La organización política es una conquista de la civilización. El ciudadano se organiza democráticamente a través de partidos políticos para buscar la estabilidad y el progreso social. Se ha dicho que la principal misión de los partidos es la de orientar el caos que supone el ejercicio de la voluntad popular. Un funcionamiento correcto debe convertir a estas organizaciones en representantes legítimos de grupos de intereses con el fin de satisfacer las necesidades del pueblo. Por eso la democracia exige que la sociedad participe al máximo en las tareas políticas. El acto supremo de participación de la ciudadanía son las elecciones, donde se ejerce el derecho de sufragio.  

El sistema de partidos políticos ha sido objeto de críticas en todos los tiempos. En nuestros días, las críticas se han vuelto más acerbas. Es claro el divorcio entre partidos políticos y sociedad. La contradicción reside en que las organizaciones políticas muestran un funcionamiento demasiado rígido, donde los ‘aparatos’, lejos de servirse de prácticas democráticas, se convierten en verdaderas autarquías. 

Un paradigma de la pérdida del respeto y de la lealtad que debe tenerse con los votantes se confirma en las campañas electorales. Ejemplos jugosos los hemos vivido en los últimos comicios. Se ha evidenciado que cada día importa menos la ética. Siempre se ha constatado que el compromiso que debe asumirse con los programas electorales se respeta poco. Pero ahora llegamos a comprobar que ya ni siquiera se hacen promesas en las campañas. Se recurre a la práctica de transmitir meros eslóganes vacíos de contenido, en la mayoría de los casos en forma de tuits dirigidos a denigrar a los contrarios. 

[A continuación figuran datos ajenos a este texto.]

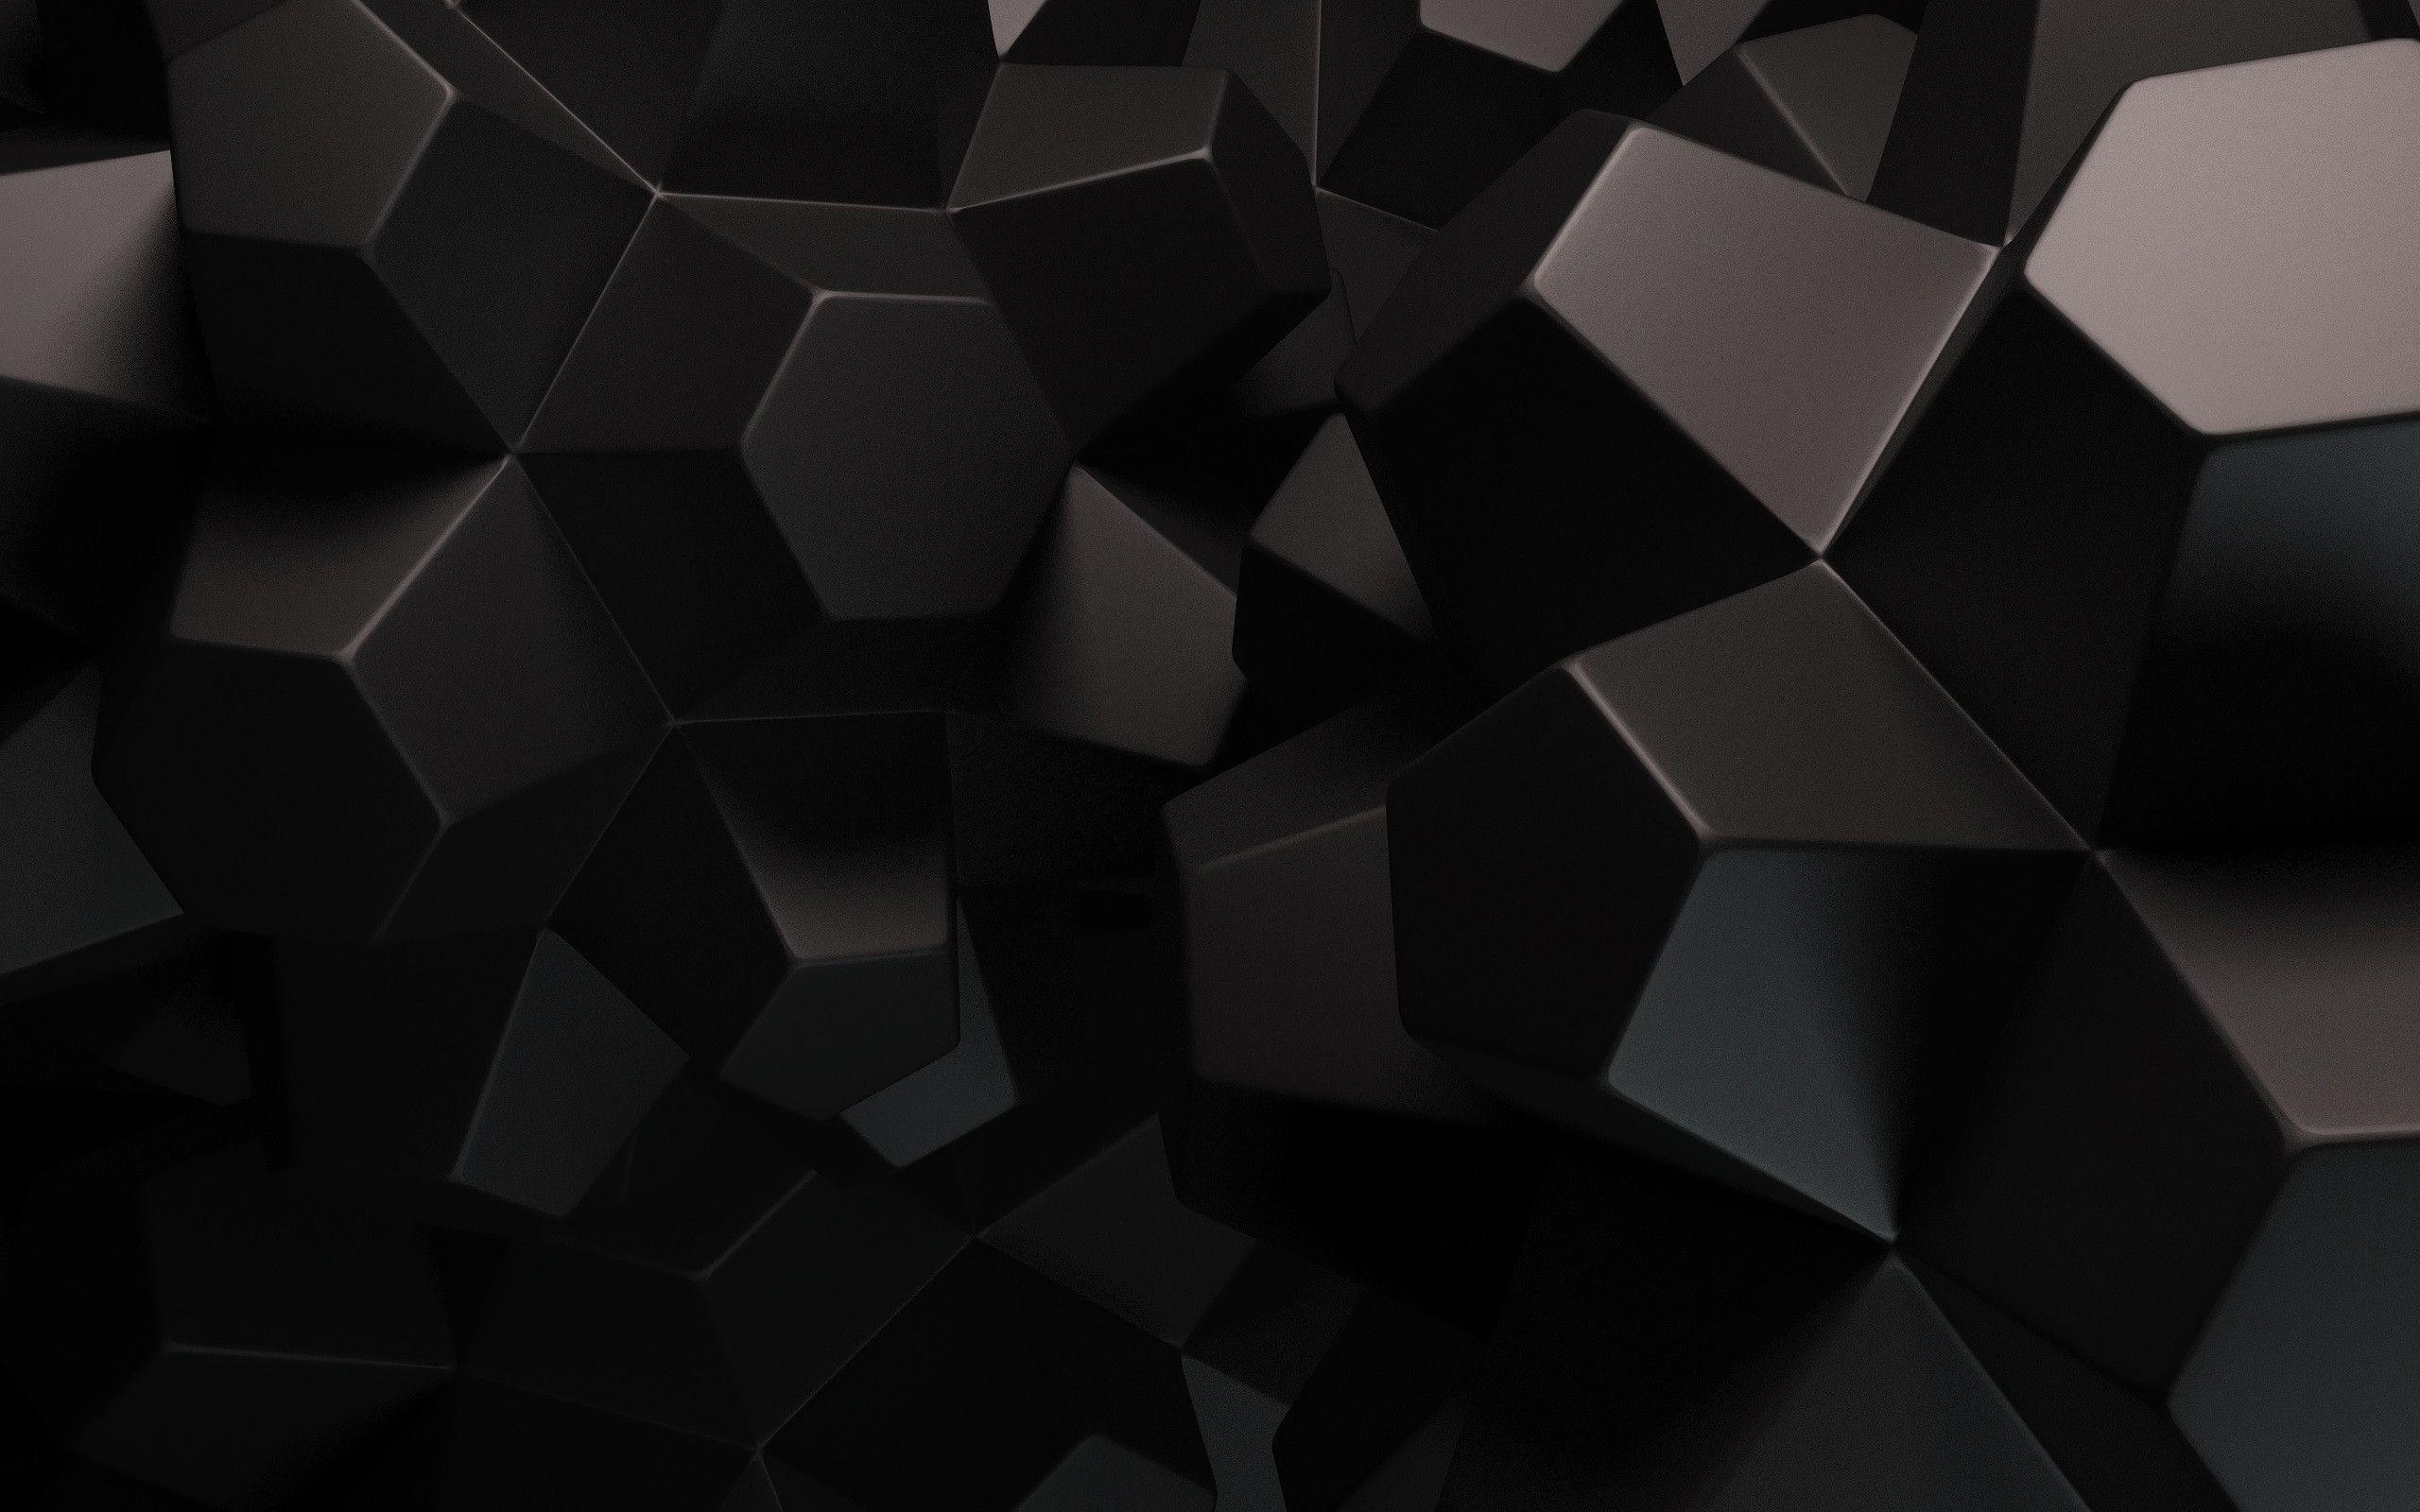 Hình nền đen sẽ mang đến cho thiết bị của bạn một vẻ đẹp cổ điển và sang trọng. Hãy truy cập Wallpaper Cave để tìm kiếm những hình nền đen đang thịnh hành trên thế giới và đem đến cho thiết bị của bạn một cái nhìn mới mẻ và độc đáo.

La ideología de los partidos ya no se plasma en los programas electorales. Ni participan en su redacción los militantes. Se recluta a mercenarios para que, de forma astuta y subrepticia, confeccionen una campaña publicitaria para vender ficticias bondades de los líderes. El resultado es que se trata a los ciudadanos como seres de entendimiento corto. Sabemos que los políticos nos van a mentir con sus promesas electorales, pero lo menos que podemos pedirles es que nos mientan con inteligencia, que sean sutiles en sus promesas y que no nos traten como débiles mentales. 

Se constata de forma creciente una asimetría moral en casi todos los líderes. Se obvian o se empequeñecen las faltas propias y se magnifican las del contrario. La mentira y la hipocresía es un pecado que no se asume. No sé si es peor la corrupción o la falacia que existe ahora.  

La presencia de ministros en la manifestación del Primero de Mayo resultó un mero postureo. No se acaba de entender que alguien proteste contra el Gobierno del que forma parte. Se apoya o encubre la violencia y, sin embargo, sin el menor rubor se imputan actitudes violentas a los adversarios políticos. Se critica la desigualdad social y nos enteramos de que hay dos clases de ricos: los malos, aquellos que no son de mi partido, y los buenos, que son los de mi partido. Se canta a la libertad, pero no se nos explica que para ser libres socialmente antes debemos ser libres económicamente. No se nos ofrecen soluciones concretas a nuestros problemas, y sin embargo cínicamente se nos pide cínicamente el voto. No hay duda, las campañas electorales se están convirtiendo en un perfecto ejemplo de esquizofrenia política. 

La regeneración política y la calidad democrática exigen comportamientos leales de los agentes políticos en todo momento, pero en especial en los periodos electorales. Los directores de campañas deben comprender que por muy desprestigiada que esté la política, nunca deben soslayarse los cánones éticos. No se puede minusvalorar a los electores. Los votantes no se equivocan nunca. Al fin de cuentas, las campañas electorales son como el mercado donde se venden ilusiones. Y lo que no convence no se compra; no se vota.